Поднял глаза, произнес внятно:
— Прости, Господи… Ибо не ведал, что творю. А теперь спроси по всей Твоей строгости. Я согласен, потому что понял…
Вышел священник с баулом в руке, за ним дьякон с испуганным лицом, почтительно поздоровался, все чинно и стройно прошли к автомобилю и двинулись в обратный путь. Когда подъехали к ДОНу, Ильюхин заметил, как оба священнослужителя переглянулись и по лицу настоятеля вдруг разлилась смертная бледность…
Миновали калитку, охранники провожали изумленными взглядами небывалых гостей, когда вошли в кабинет Юровского, священнослужители машинально перекрестились на красный угол. Но икону не нашли и растерянно переглянулись.
— Мы неверующие. — Юровский сел за стол, предложил: — Прошу садиться, отцы… — Это слово вызвало у него ироническую улыбку, но он ее подавил. Мне нужно, чтобы вы отслужили. Здесь и сейчас. К тому же и они просят.
— Они… — одними губами повторил настоятель. — А… как они? Ничего? Здоровы?
— Э-э, батюшка, да вы не философ, — поморщился Юровский. — Как это там у вас? «Пройдет над ним ветер — и нет его…» А?
— Вы точно произнесли часть псалма, — кивнул священник. — Но какую службу желаете… вы? Или… они?

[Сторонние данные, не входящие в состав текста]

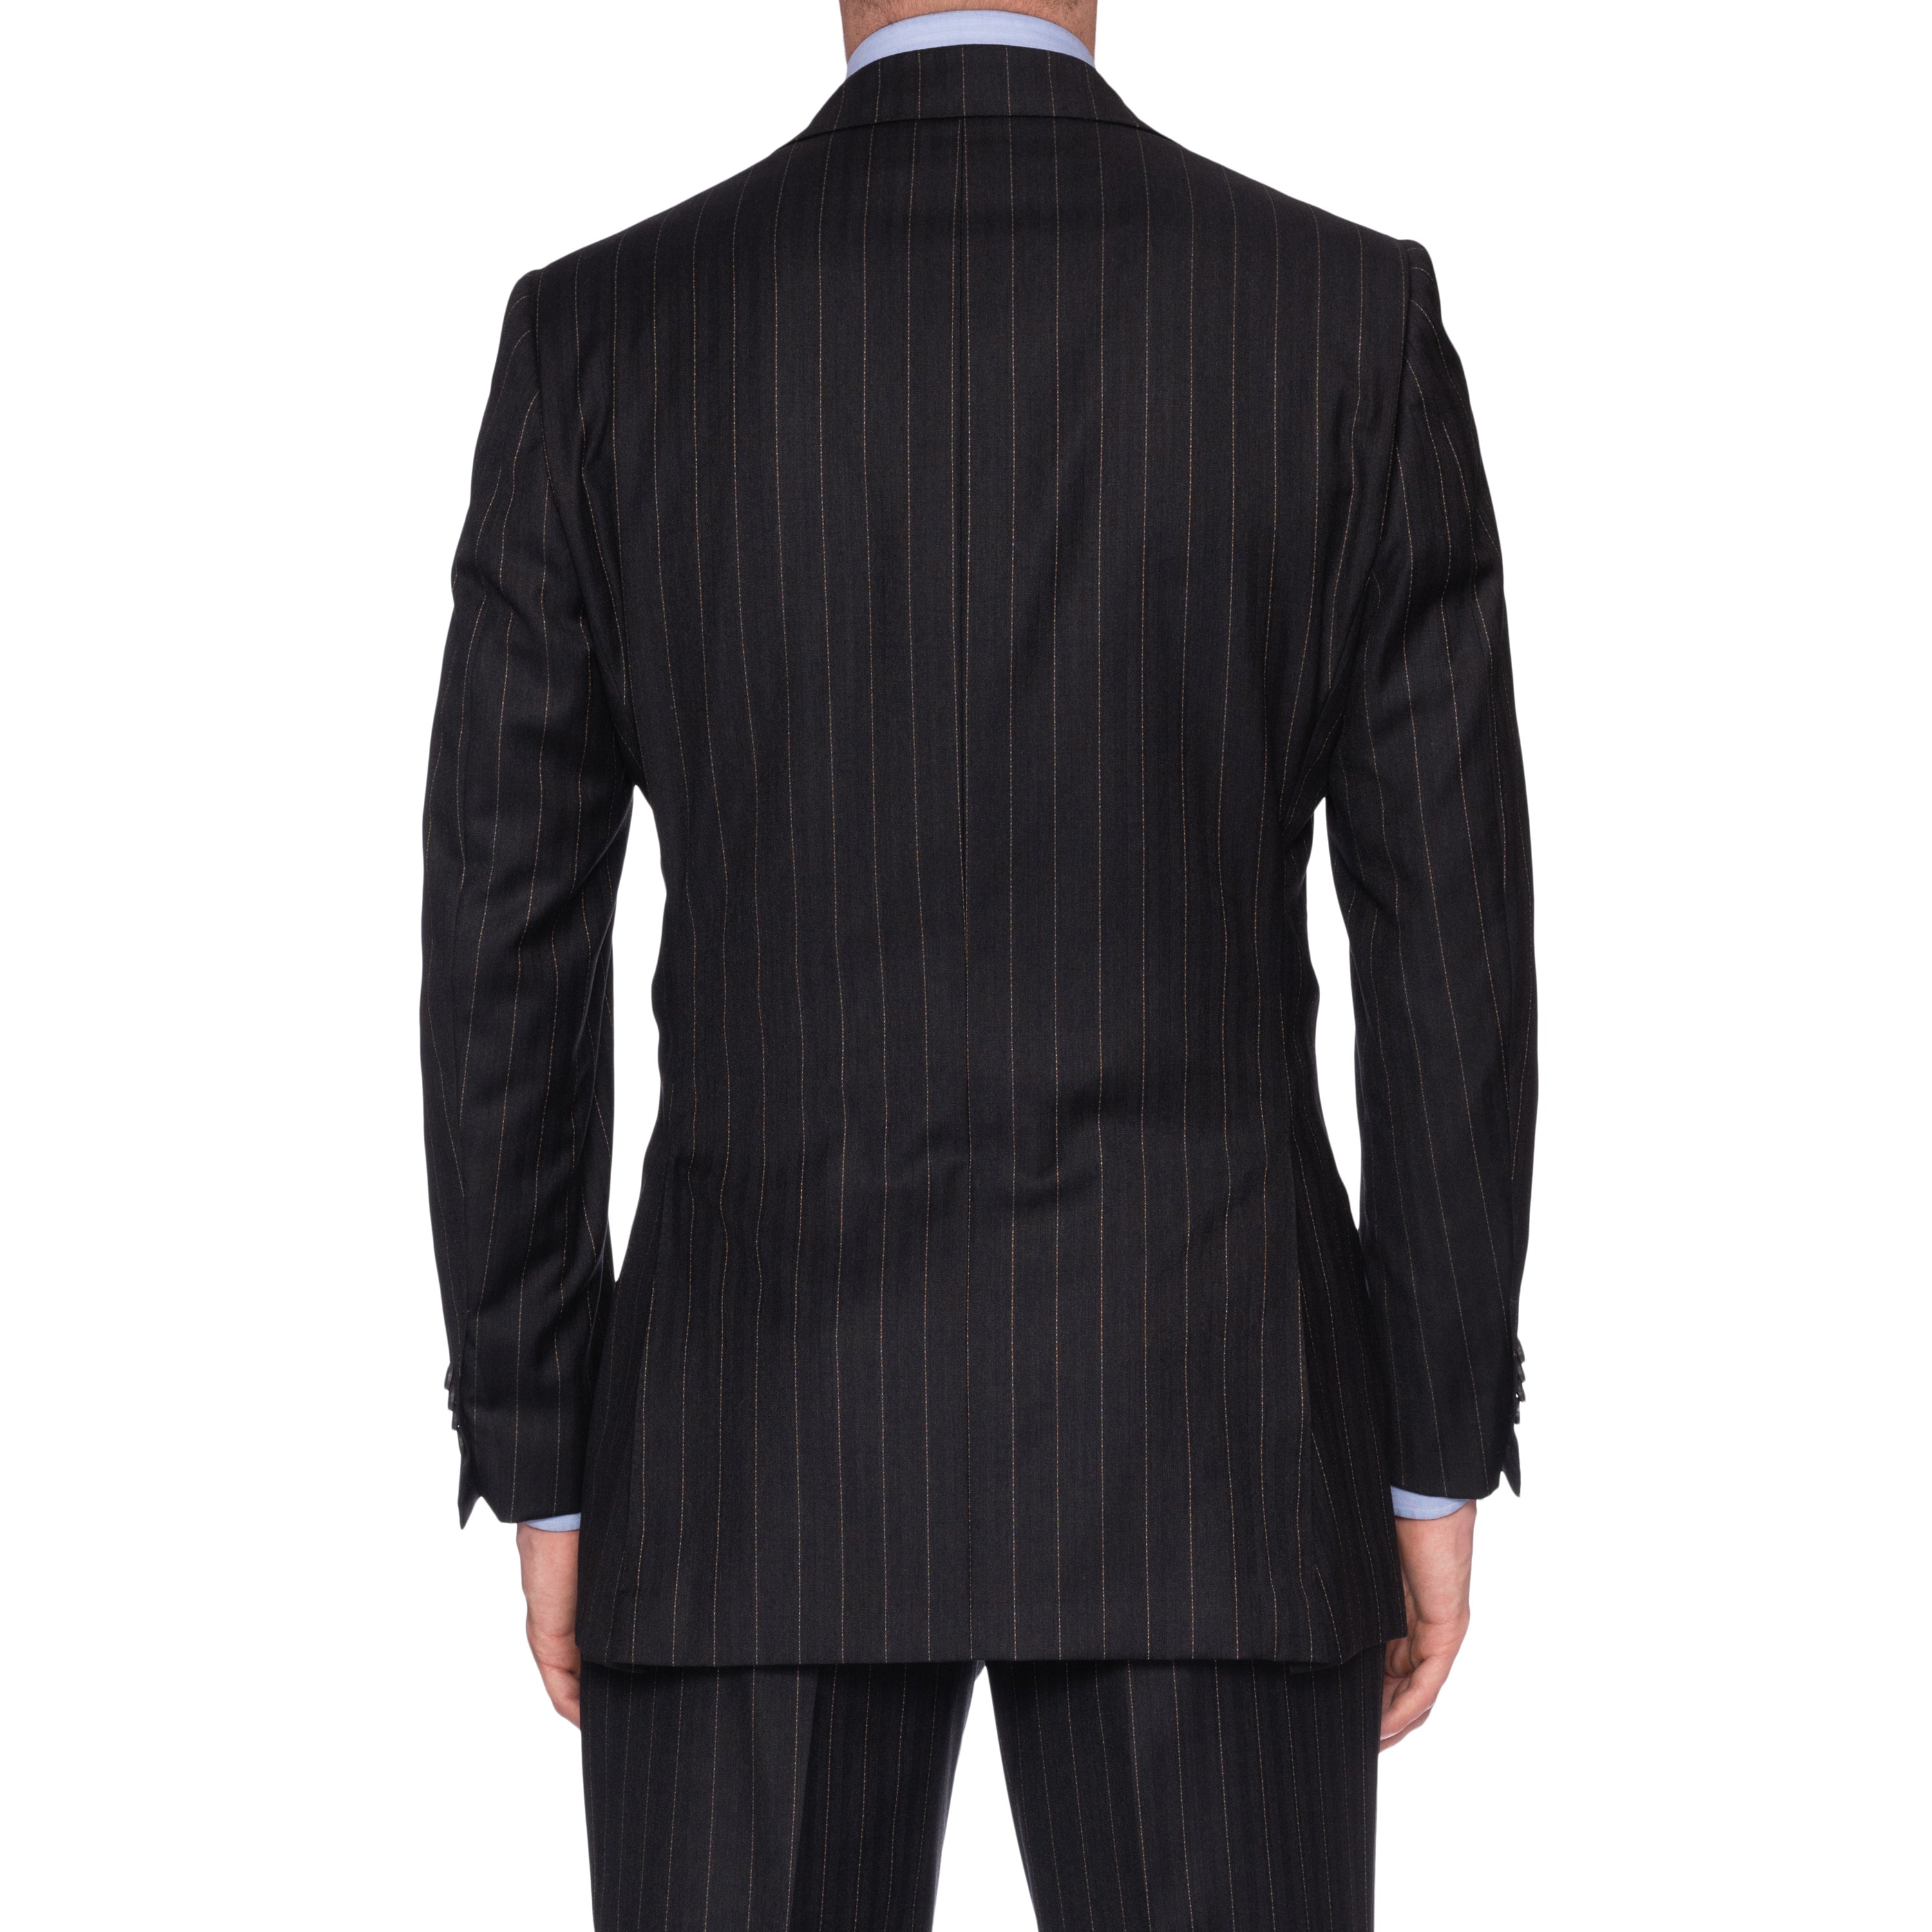 SARTORIA CASTANGIA Dark Gray Herringbone Wool Super 120's Suit EU 50 NEW US 40 CASTANGIA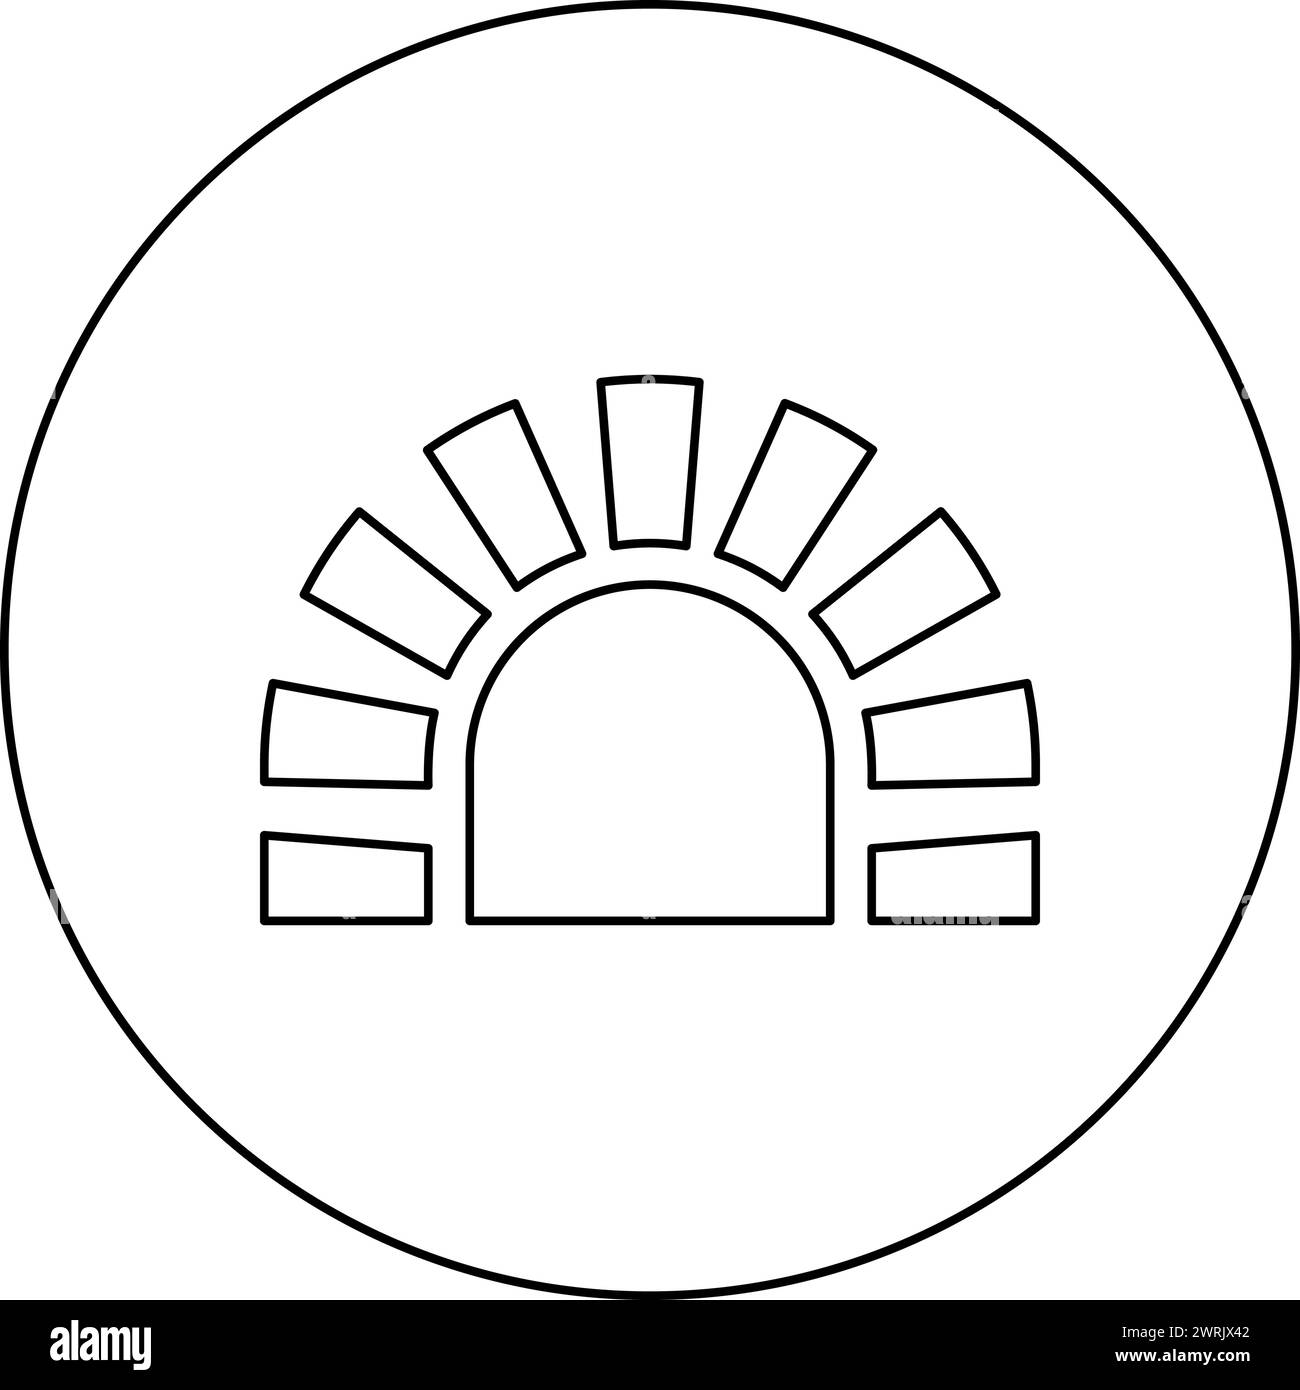 Piano cottura in pietra, caminetto in mattoni, caminetto per cucinare e forno da forno, icona tradizionale nell'immagine circolare di colore nero vettoriale Illustrazione Vettoriale

— Служба — она и есть служба. — Юровский прошелся по кабинету взад и вперед, остановился у окна. — Когда у вас поют отходную? Только учтите без лишних вопросов, да?
— Когда отпевают покойника, — совсем побелел священник.
— А еще?
— Ну… К примеру — есть такое последование — обедница. Там тоже… есть «отходные», как говорите, слова. Только они читаются, а не поются.
— Спеть можете?
— Но… но зачем? — Батюшке стало дурно, он схватился за сердце и готов был упасть в обморок.
— Это я знаю, — твердо сказал Юровский. — Ваше дело — исполнить беспрекословно. Вы понимаете: время военное, революционное, неповиновение реввласти карается смертью. Итак?
Дьякон перекрестился.
— Если вам так надобно — я это… пропою. А вы… отпустите нас?
Юровский помрачнел.
— При условии: всё, что здесь увидите, — государственная тайна. И ваша служба, и вообще… Всё. Ну?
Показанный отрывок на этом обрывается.